Gut Microbial Degradation of Organophosphate Insecticides-Induces Glucose Intolerance via Gluconeogenesis

Ganesan Velmurugan et al. Genome Biol. .
Free PMC article

Abstract

Background: Organophosphates are the most frequently and largely applied insecticide in the world due to their biodegradable nature. Gut microbes were shown to degrade organophosphates and cause intestinal dysfunction. The diabetogenic nature of organophosphates was recently reported but the underlying molecular mechanism is unclear. We aimed to understand the role of gut microbiota in organophosphate-induced hyperglycemia and to unravel the molecular mechanism behind this process.

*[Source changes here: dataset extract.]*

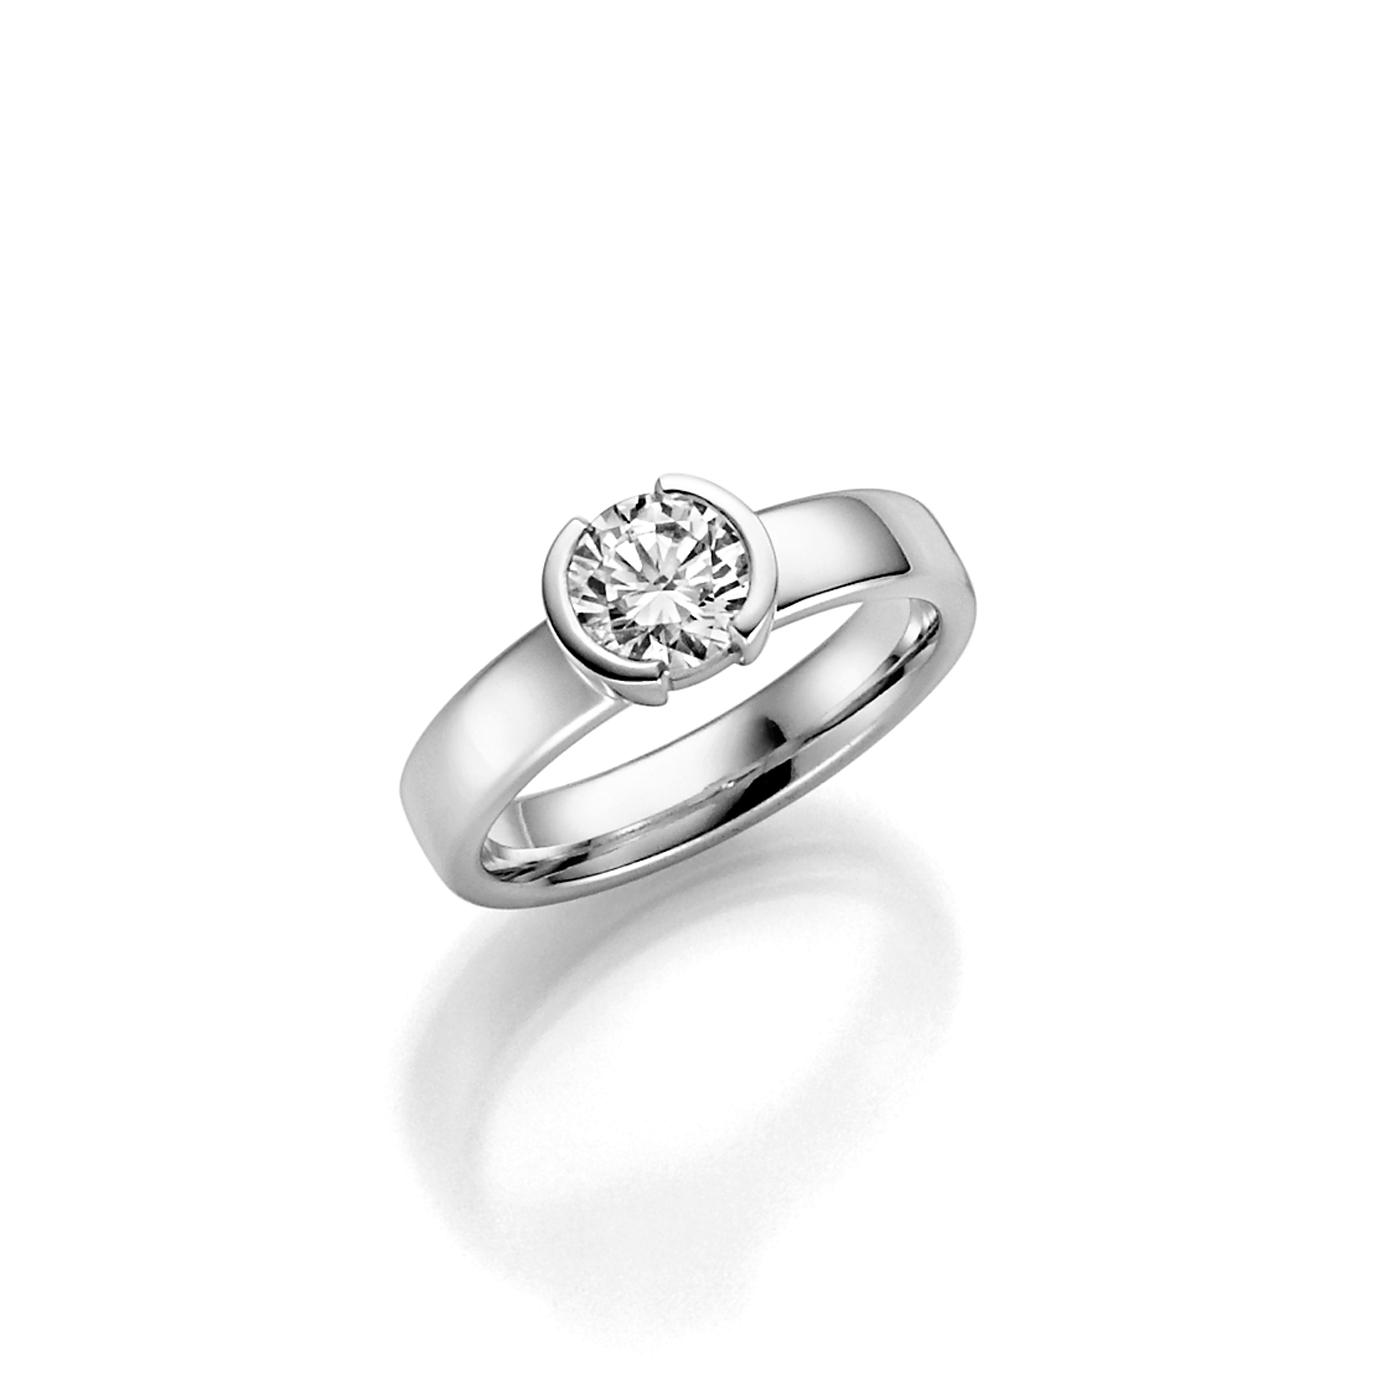 Vigselring 18k vitguld Rhen 1,0 ct diamant

Results: Here we demonstrate a high prevalence of diabetes among people directly exposed to organophosphates in rural India (n = 3080). Correlation and linear regression analysis reveal a strong association between plasma organophosphate residues and HbA1c but no association with acetylcholine esterase was noticed. Chronic treatment of mice with organophosphate for 180 days confirms the induction of glucose intolerance with no significant change in acetylcholine esterase. Further fecal transplantation and culture transplantation experiments confirm the involvement of gut microbiota in organophosphate-induced glucose intolerance. Intestinal metatranscriptomic and host metabolomic analyses reveal that gut microbial organophosphate degradation produces short chain fatty acids like acetic acid, which induces gluconeogenesis and thereby accounts for glucose intolerance. Plasma organophosphate residues are positively correlated with fecal esterase activity and acetate level of human diabetes.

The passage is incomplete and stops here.